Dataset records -
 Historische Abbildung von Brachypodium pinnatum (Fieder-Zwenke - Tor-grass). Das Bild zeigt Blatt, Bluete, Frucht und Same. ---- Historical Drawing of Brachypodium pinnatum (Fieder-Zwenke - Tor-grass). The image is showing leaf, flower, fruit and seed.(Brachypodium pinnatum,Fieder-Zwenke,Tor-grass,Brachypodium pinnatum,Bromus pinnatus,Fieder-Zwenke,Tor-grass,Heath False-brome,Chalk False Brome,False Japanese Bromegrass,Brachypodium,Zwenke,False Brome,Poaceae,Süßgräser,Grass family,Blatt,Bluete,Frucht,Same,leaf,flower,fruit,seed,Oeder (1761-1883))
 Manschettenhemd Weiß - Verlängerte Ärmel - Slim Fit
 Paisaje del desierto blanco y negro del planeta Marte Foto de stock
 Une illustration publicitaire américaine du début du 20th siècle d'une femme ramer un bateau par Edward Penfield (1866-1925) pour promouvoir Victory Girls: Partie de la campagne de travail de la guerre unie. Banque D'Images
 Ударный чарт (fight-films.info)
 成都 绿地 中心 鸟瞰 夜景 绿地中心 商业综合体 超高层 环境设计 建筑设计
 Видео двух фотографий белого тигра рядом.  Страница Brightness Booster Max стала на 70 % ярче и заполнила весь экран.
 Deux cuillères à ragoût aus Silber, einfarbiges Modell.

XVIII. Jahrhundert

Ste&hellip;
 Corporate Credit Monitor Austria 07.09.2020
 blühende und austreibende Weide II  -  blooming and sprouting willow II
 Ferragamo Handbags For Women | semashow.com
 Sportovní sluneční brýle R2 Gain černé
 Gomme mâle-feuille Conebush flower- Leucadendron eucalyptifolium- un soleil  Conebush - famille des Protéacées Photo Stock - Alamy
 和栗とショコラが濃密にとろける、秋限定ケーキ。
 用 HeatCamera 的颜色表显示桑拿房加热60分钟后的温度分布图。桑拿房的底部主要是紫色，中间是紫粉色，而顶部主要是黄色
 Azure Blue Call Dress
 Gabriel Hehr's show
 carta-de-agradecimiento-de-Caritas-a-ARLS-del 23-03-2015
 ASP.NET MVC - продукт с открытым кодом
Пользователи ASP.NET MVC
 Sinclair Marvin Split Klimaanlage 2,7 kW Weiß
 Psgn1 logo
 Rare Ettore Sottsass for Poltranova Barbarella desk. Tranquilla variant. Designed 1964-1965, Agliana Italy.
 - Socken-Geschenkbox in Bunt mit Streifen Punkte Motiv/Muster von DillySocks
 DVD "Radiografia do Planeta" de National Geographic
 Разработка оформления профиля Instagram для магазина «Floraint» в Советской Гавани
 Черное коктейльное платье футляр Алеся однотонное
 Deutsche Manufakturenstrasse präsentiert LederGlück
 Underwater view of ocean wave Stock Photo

What is being asked - Only a number is wanted. Count the lines of the data that contain "Photo".

Expected answer - 2